'''
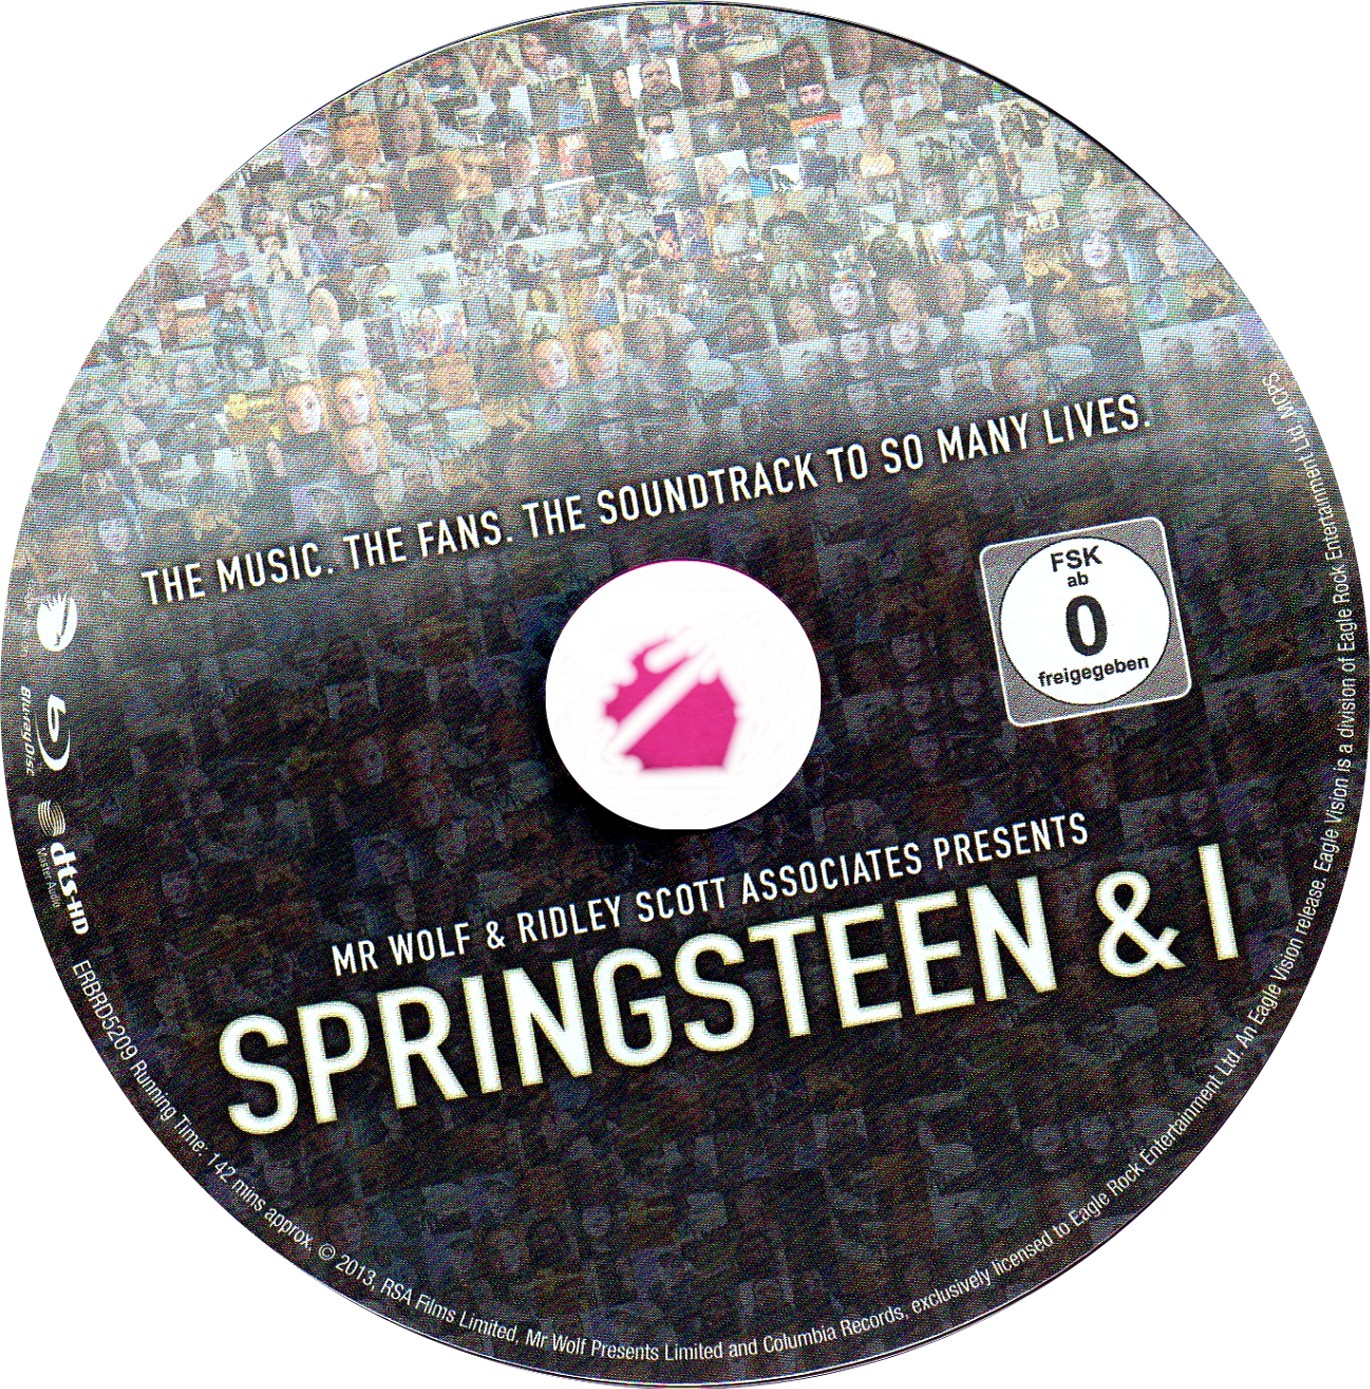 Springsteen and I (BLU-RAY)
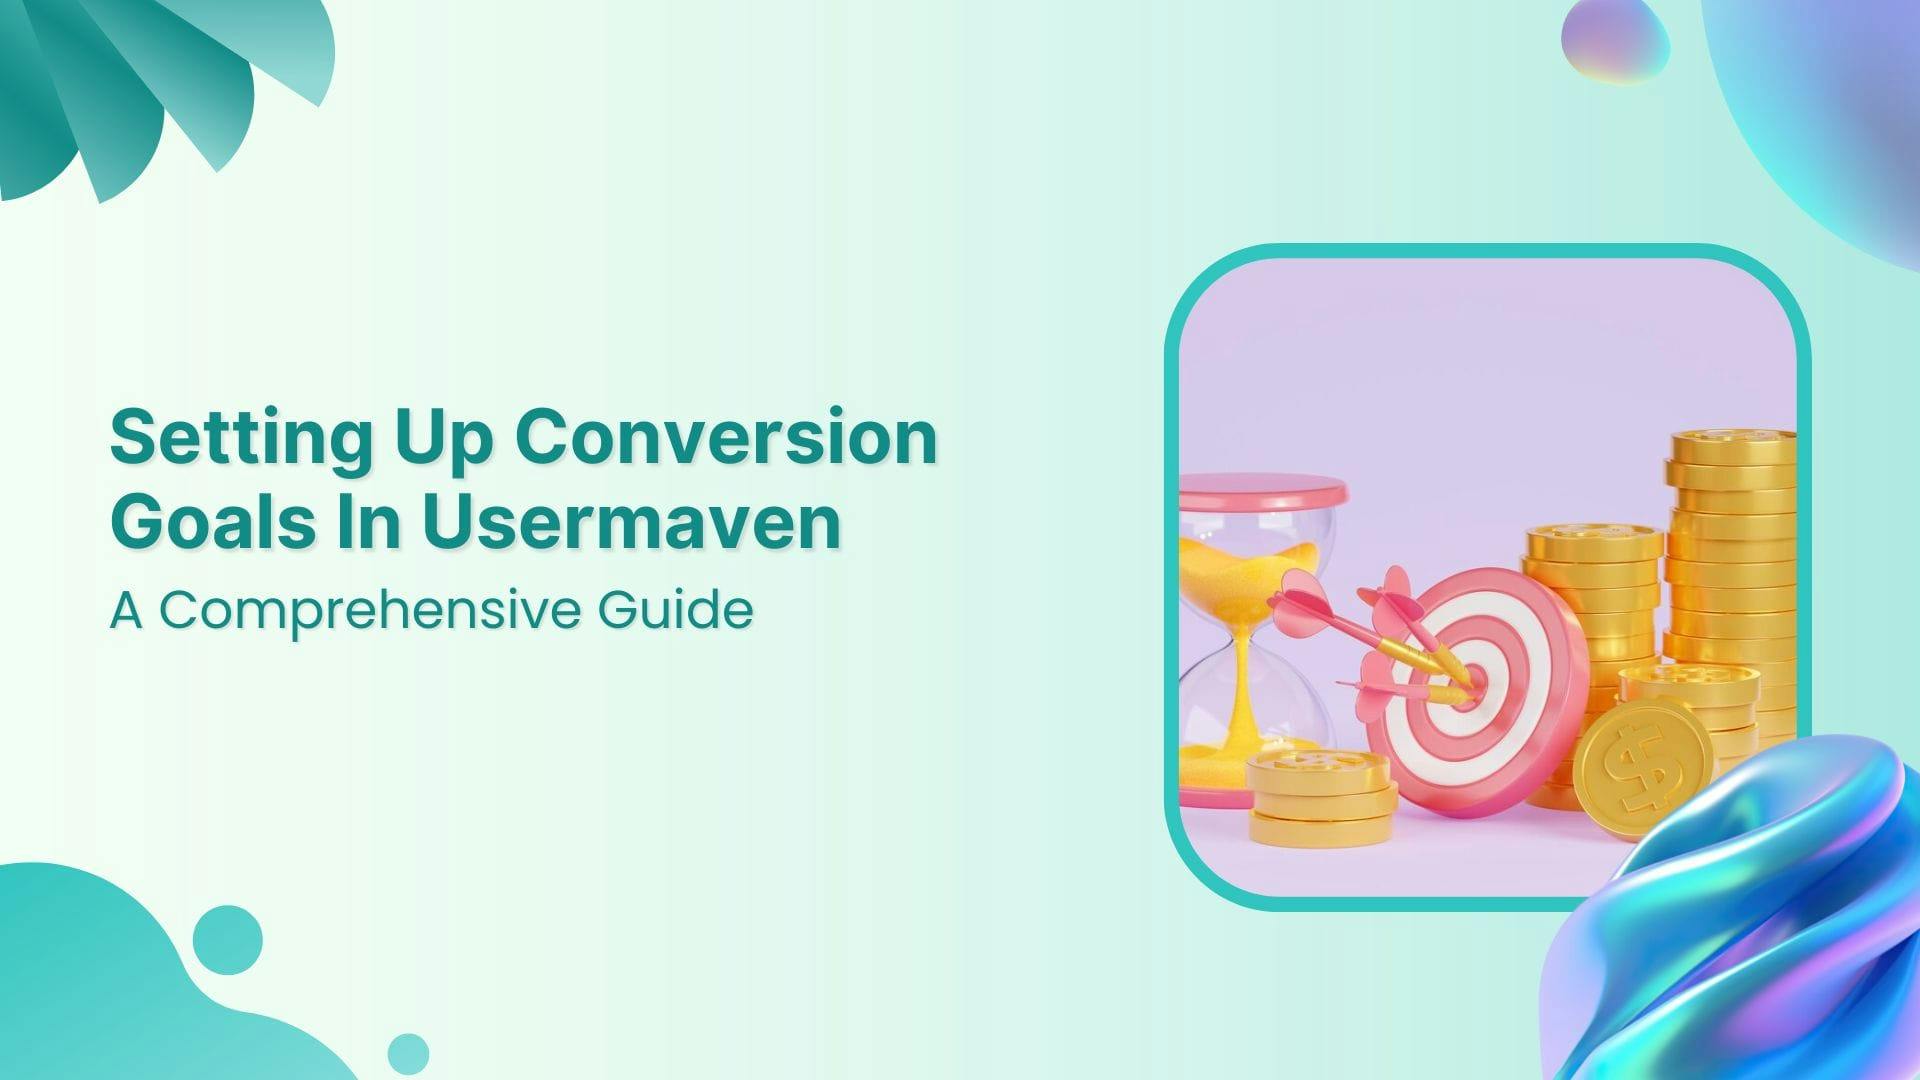 A Guide to Setting Up Conversion Goals in Usermaven
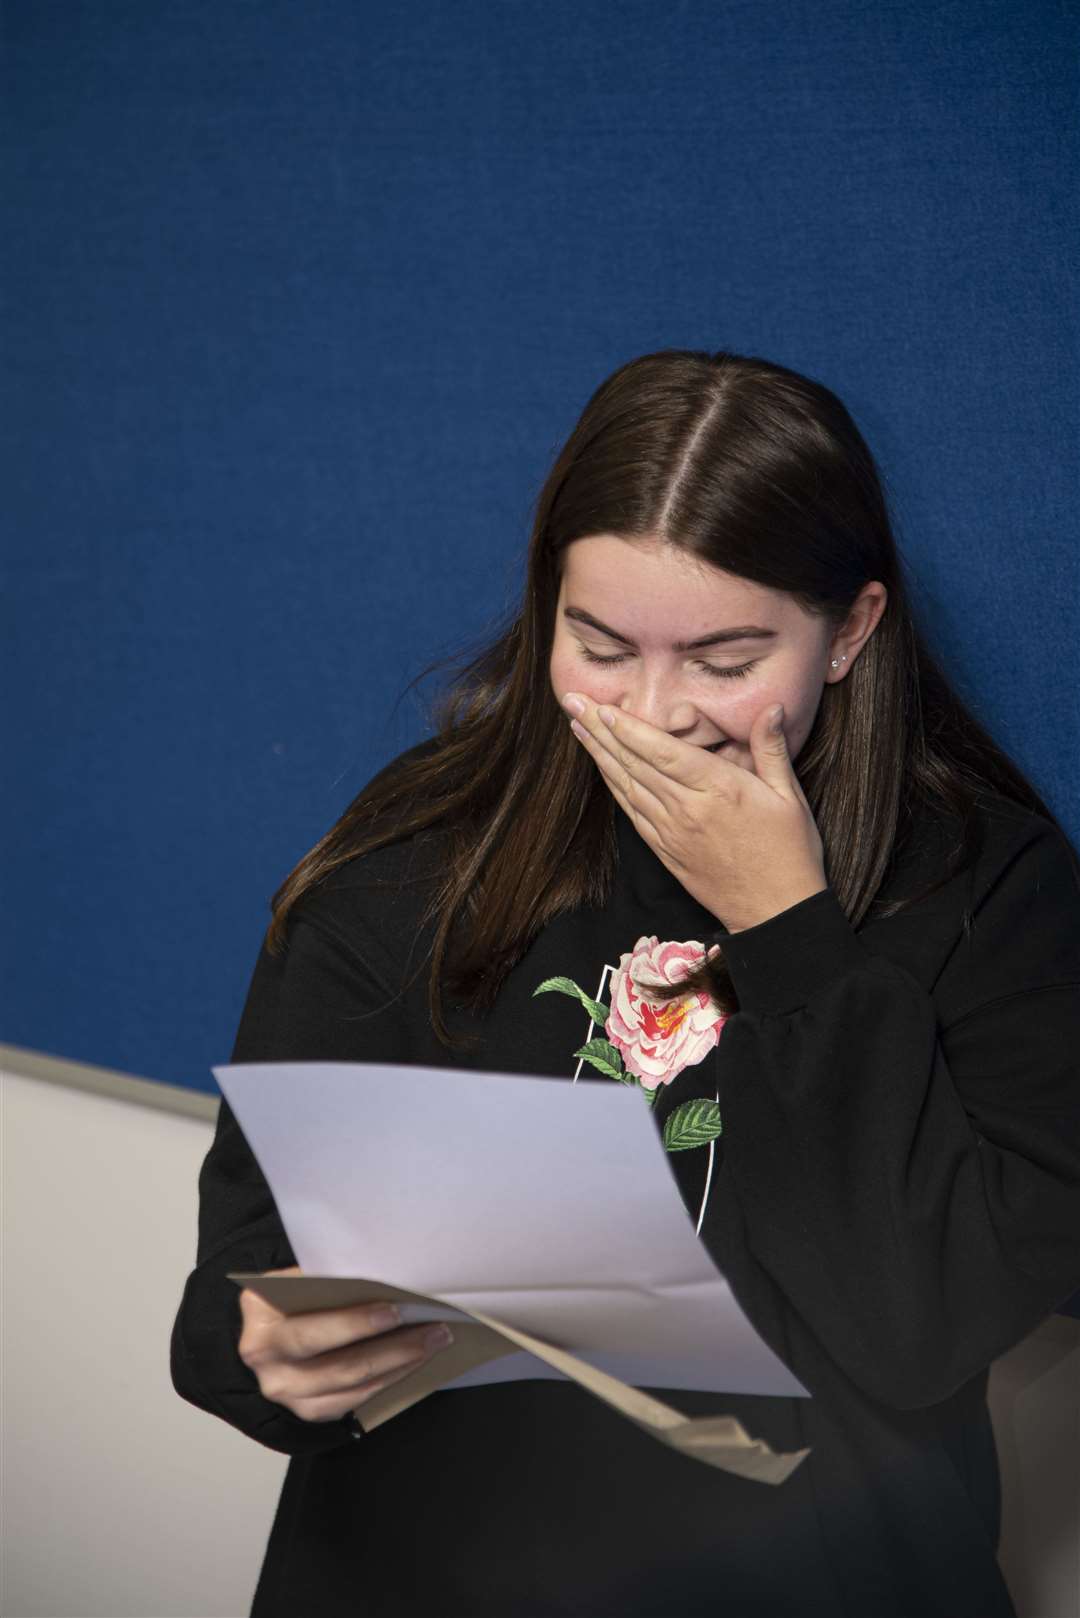 Northfleet School for Girls pupils Lucy Street looks pleasantly surprised as she opens her GCSE results
'''
**TASK DESCRIPTION**
Please print the material exactly as given above, omitting the pictures.

**SOLVED EXERCISE**
 Springsteen and I (BLU-RAY)
 A Guide to Setting Up Conversion Goals in Usermaven
 Northfleet School for Girls pupils Lucy Street looks pleasantly surprised as she opens her GCSE results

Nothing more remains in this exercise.